New research, however, some of it conducted by Mudryj and her colleagues at UCD, suggests that certain microRNAs, small RNA molecules that help regulate genes in the body, can help suppress cancer. In a study published online in Molecular Carcinogenesis on April 11, 2015, Mudryj and her colleagues found that an overexpression of one microRNA, miR-148a, had a significant effect on bladder cancer cells. In short, it killed them.
"MicroRNAs naturally occur and are encoded in the genome, with the job to tamper down the expression of various proteins," says Mudryj." One microRNA can target numerous proteins. The key is to find which ones are going to inhibit the growth of the tumor and which ones will promote the growth of the tumor. There are literally hundreds of these microRNAs scattered throughout the genome."
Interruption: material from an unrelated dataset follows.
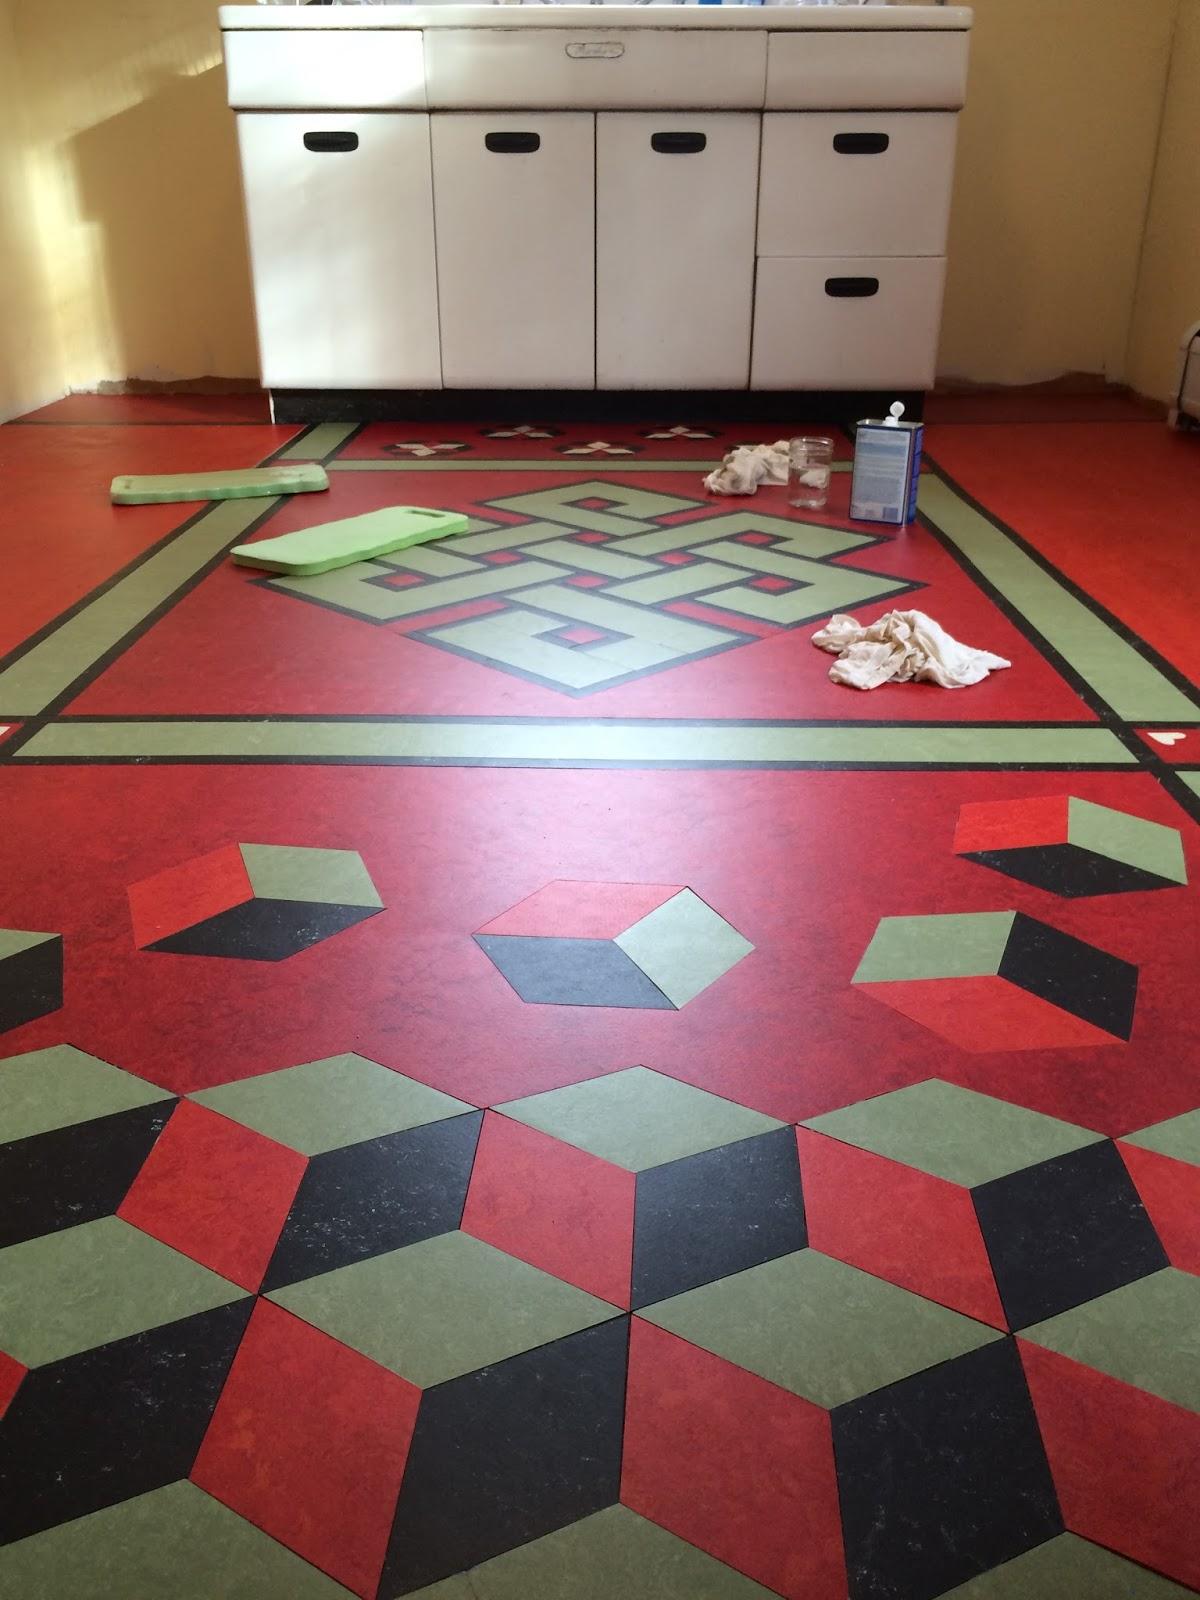 Michelina 39 s workroom cosy kitchen floor too for 100 lb floor roller rental

The team noticed that in the case of bladder cancer, there tended to be a shortage of miR-148a. "When you see any kind of shortage of a microRNA in a tumor, that is a hint the tumor, for whatever reason, is shutting something down," explains Mudryj. When they introduced it back, the cancer cells entered a state called apoptosis, or cell death. When you're treating cancer, says Mudryj, obviously this is what you want. The question was: How was miR-148a working, and what was it targeting?
"The most likely target we found was a gene called DNA methyltansferase 1," says Mudryj. "The protein this gene encodes changes the chromatin structure, which can have a global effect on the expression of genes. Targeting such a critical regulator is going to have great effect on the cell, and that's how we think this microRNA is working. It's targeting this particular gene."
The good news, says Mudryj, is that miR-148a can be produced artificially in a lab. "The technology to identify the shortage and to create the microRNA is perfectly doable," says Mudryj. "The challenge now is targeting. How do you deliver this package to the tumor, particularly if it's spread throughout the body? Targeting is a huge obstacle."
Fortunately, researchers are currently trying to overcome that challenge by exploring new methods to deliver targeted medicines throughout the body, such as research conducted at the Truman VA Medical Center in Missouri that uses a gold nanocage coated with chemicals from toad skin to target and penetrate certain cancer cells.
"If you can get this microRNA to the tumor," says Mudryj, "then this has the potential to be a really effective way of treating not just bladder cancer, but all manner of cancers."